These crass remarks give us an insight into the author’s politics. His hostile words are saturated with a liberal outlook. “Single-mindedness” is conflated with “cold-blooded ruthlessness”. Without “single-mindedness” the Soviet government – faced with 21 foreign armies of intervention, and fighting for its survival – would never have won. Henderson’s views are typical of those historians who use “facts” to fit their preconceived narrative. You begin with a common prejudice and then seek to justify it by every means available. This has been the stock-in-trade of every bourgeois biographer of Lenin.

Lenin and the Bolsheviks were certainly determined. There is no doubt about that, a fact that is very much to their credit. They were fighting to overthrow the Tsarist regime, which was no genteel tea party! They made colossal sacrifices to this end. On Lenin’s first visit to London in 1902, his thoughts were very much of professionalising the work of the party. It was serious business that required a serious organisation, which he outlined in his book, What is to be Done? Amateurish methods had to be abandoned and the work placed on a proper footing. Of course, such thoughts are completely alien to the bourgeois historians of Bolshevism, who cannot comprehend such sacrifice or commitment to a revolutionary cause.

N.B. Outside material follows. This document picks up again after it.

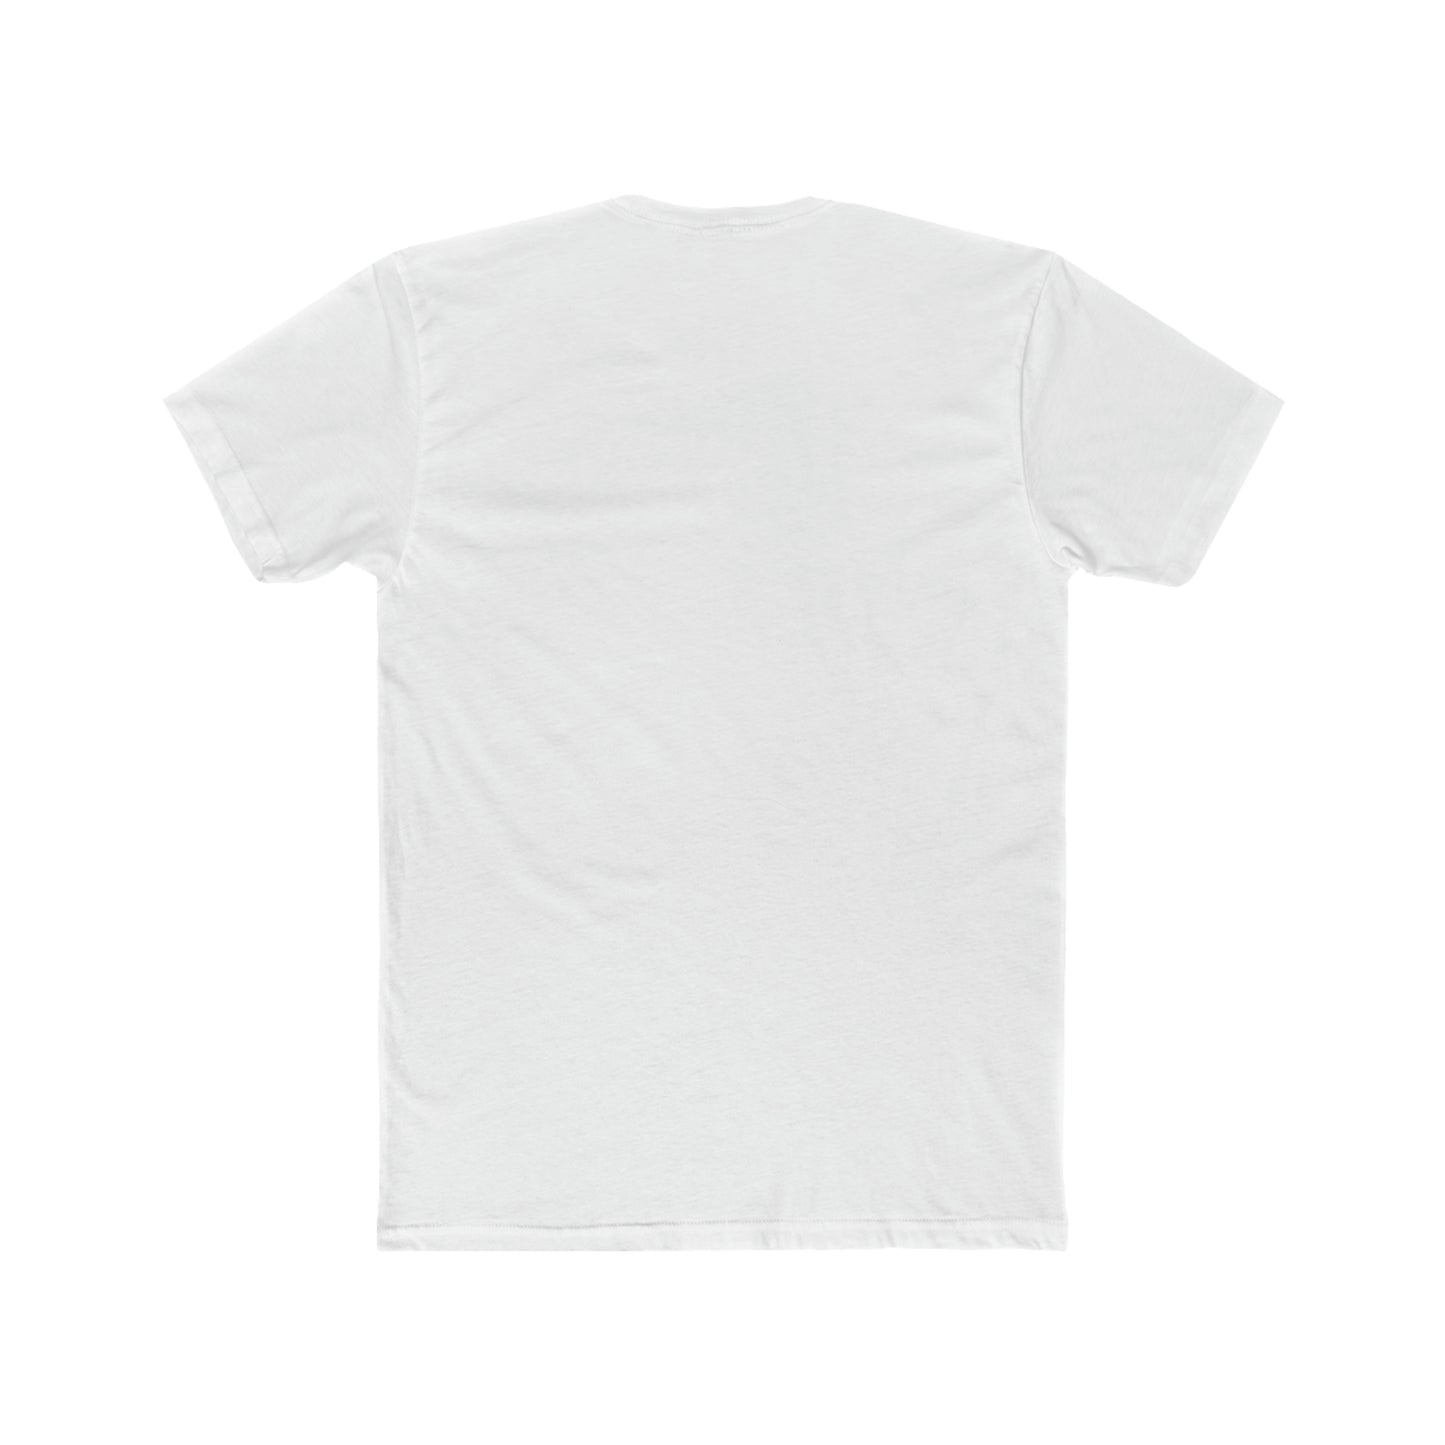 Donald Trump Mugshot T-Shirt

Henderson’s book is peppered with fruitless speculation, which often seems to have been included merely to pad out the book. For instance, he writes at length about Takhtarev’s personal history and political evolution, despite the latter being a political non-entity in the grand scheme of things. In doing so, he lays great stress on Lenin’s supposed past romantic feelings towards Apollinaria, and how they supposedly coloured Lenin’s relations with the couple.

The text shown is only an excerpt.